Saturday 28 December 2013

Household loan demand to moderate amid rising inflatin

Focus MALAYSIA WEEKLY ISSUE 055
THE WEEK OF DECEMBER 21 – DECEMBER 27, 2013
Review 2013 / Outlook 2014 -- BANKING
By: FocusM

Ashok Ramamurthy
Group Managing Director,
AmBank Group
How did 2013 pan out for Ambank Group?

It was another year filled with excitement and some challenges.  Despite slower economic growth and intense competition, we made good progress in our FY2014-2016 Strategic Agenda, delivered stronger earnings – with our first half FY2014 profits up 10.1% from a year ago – and achieved most of our FY2014 guided key performance indicators.

Our integration with our two new businesses acquired, Kurnia Insurans and MBF Cards, is on track and they have contributed to the performance of the Group.

We are seeking a new strategic partner to build scale in life assurance and the family takaful business in progress.  We have completed Phase Two of the bidding process in our search for a new strategic partner for the life and family takaful businesses, and aim to finalise a buyer by the end of the year.

Most recently, Phase One of our new core banking platform went live.  This investment will create a scaleable and robust platform for growth.  Its functionalities are expected to pave the way for delivering operational improvements, an enhanced customer experience and revenue growth.

As a testament to our strong governance and improved financial fundamentals, Rating Agency Malaysia (RAM) upgraded AMMA Holdings Bhd and all three of our main subsidiaries, AmBank (M) Bhd, AmIslamic Bank Bhd and AmInvestment Bank Bhd, credit ratings to AA2/P1 with a stable outlook.

What are your expectations for your company and the banking sector in 2014?
For AmBank Group:

·   To complete our integration of two newly-acquired businesses, Kurnia and MBF Cars, and seek a new strategic-partnership for our life and family takaful businesses;
·  Stronger earnings as we progressively deliver on our five strategic themes.

To recap our strategic agenda: (1) Integrate acquisitions and deliver synergies; (2) Simplify business model and streamline processes; (3) Accelerate organic growth with focus on cross-selling, flow business, small business, and emerging affluent customers; (4) Build scale in specialist businesses with partners; (5) Optimise capital and holding-company structures.

For the banking sector, we expect modest growth in line with economic growth (our in-house economist expects the Malaysian economy to grow 4.8% in 2014 from 4.6% in 2013), supported by stronger capital-market activities as Economic Transformation Programme (ETP) projects pick up.

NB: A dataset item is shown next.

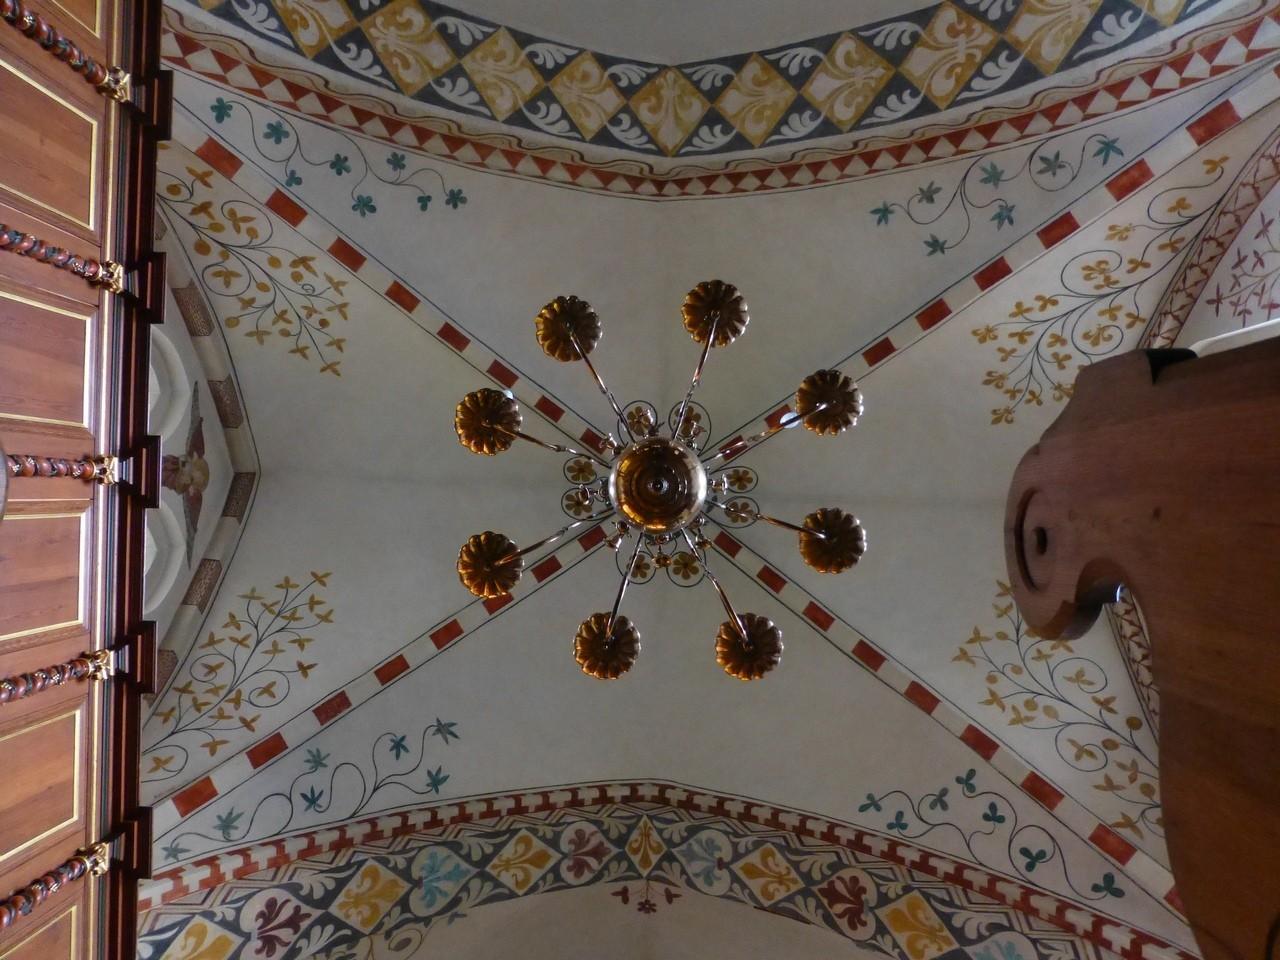 Maria-Magdalenen-Kirche zu Berkenthin - Kronleuchter 2 mit Deckenmalerereien /Foto P.Lüneburg

What do you think will be key events and challenges that will shape the banking sector’s prospects next year?

The Group expects the domestic economy to pick up in 2014 due to improved global trade and supported by private expenditure.  Nevertheless, global sentiment underpins the domestic economic outlook and we expect headwinds in the banking environment to moderate growth.

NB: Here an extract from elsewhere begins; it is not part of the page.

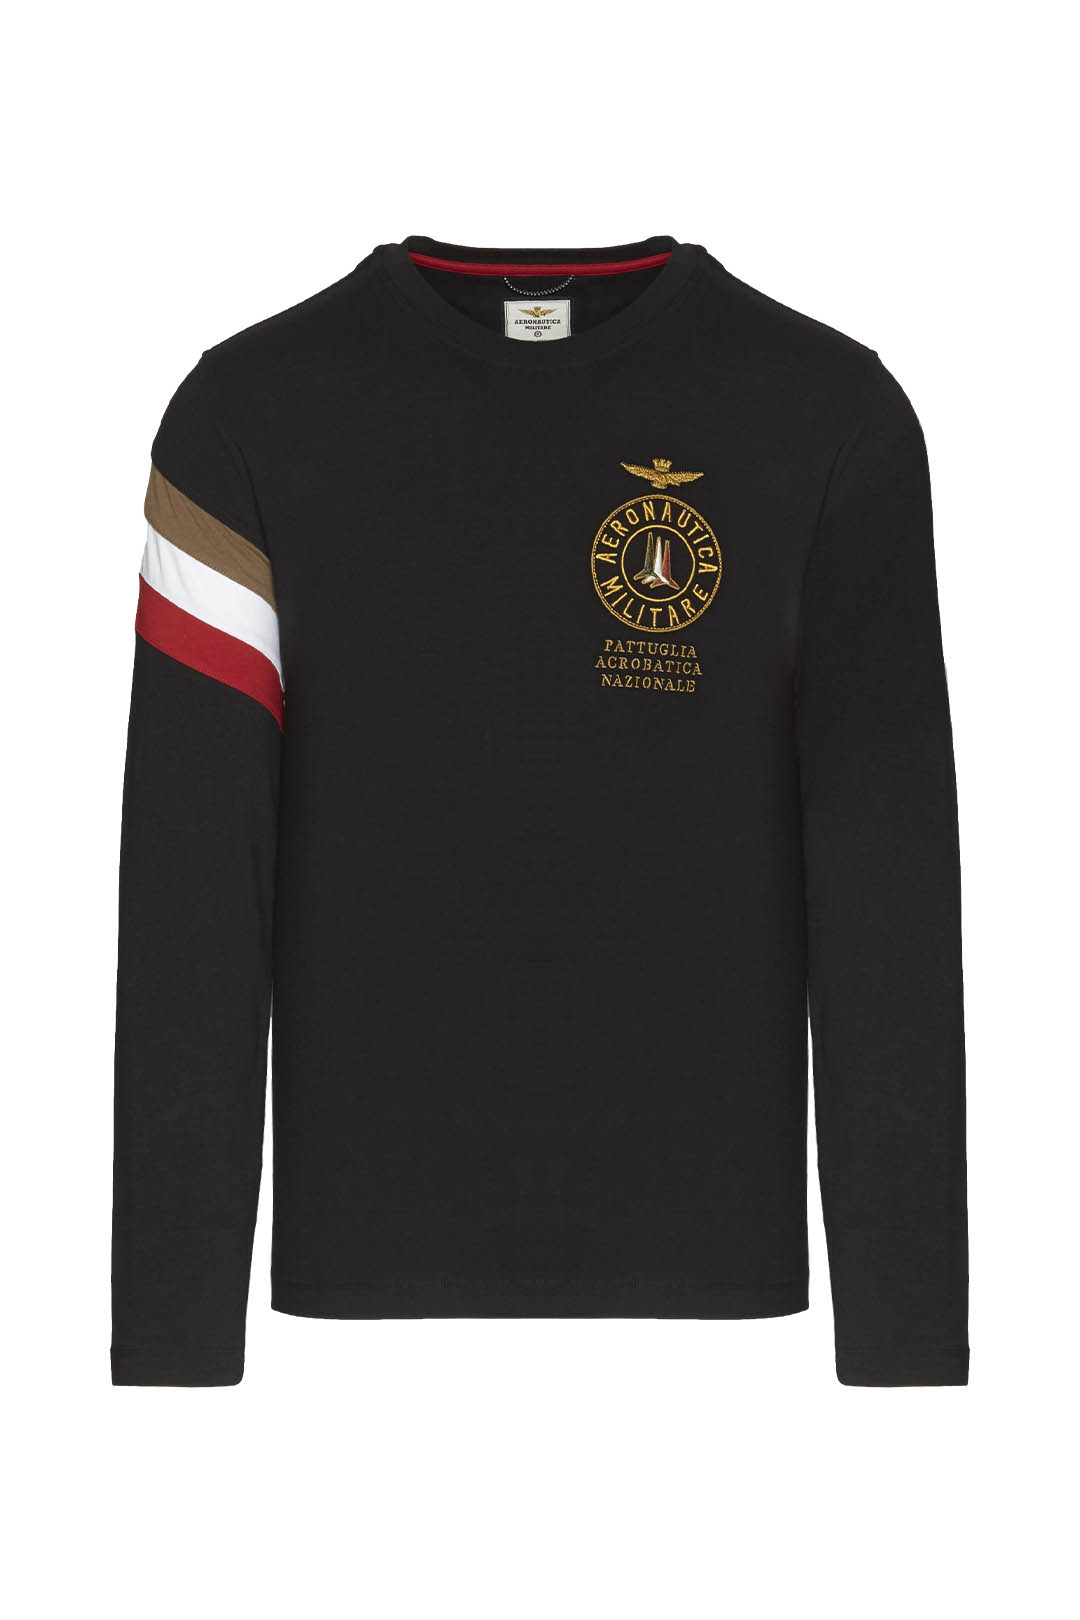 Frecce Tricolori T-shirt mit Einsatz     1

Retail loan growth could moderate on the back of easing consumer spending from the rationalisation of subsidies and responsible lending measures to address household debt.  Margin compression will continue from increasing competition for deposits, loans and other financial products.  Asset quality trend may come under pressure from inflation, resulting in increased provisions.

While we are conservatively placed to handle volatility, these potential challenges will need to be carefully managed to avoid a material impact on financial performance.  I expect the banking sector to continue to increase loans / financing, adversely affected by margin pressure.  Overall, the banking sector should continue to deliver improved profits, though the pace of growth is expected to moderate compared with the preceding two to three years.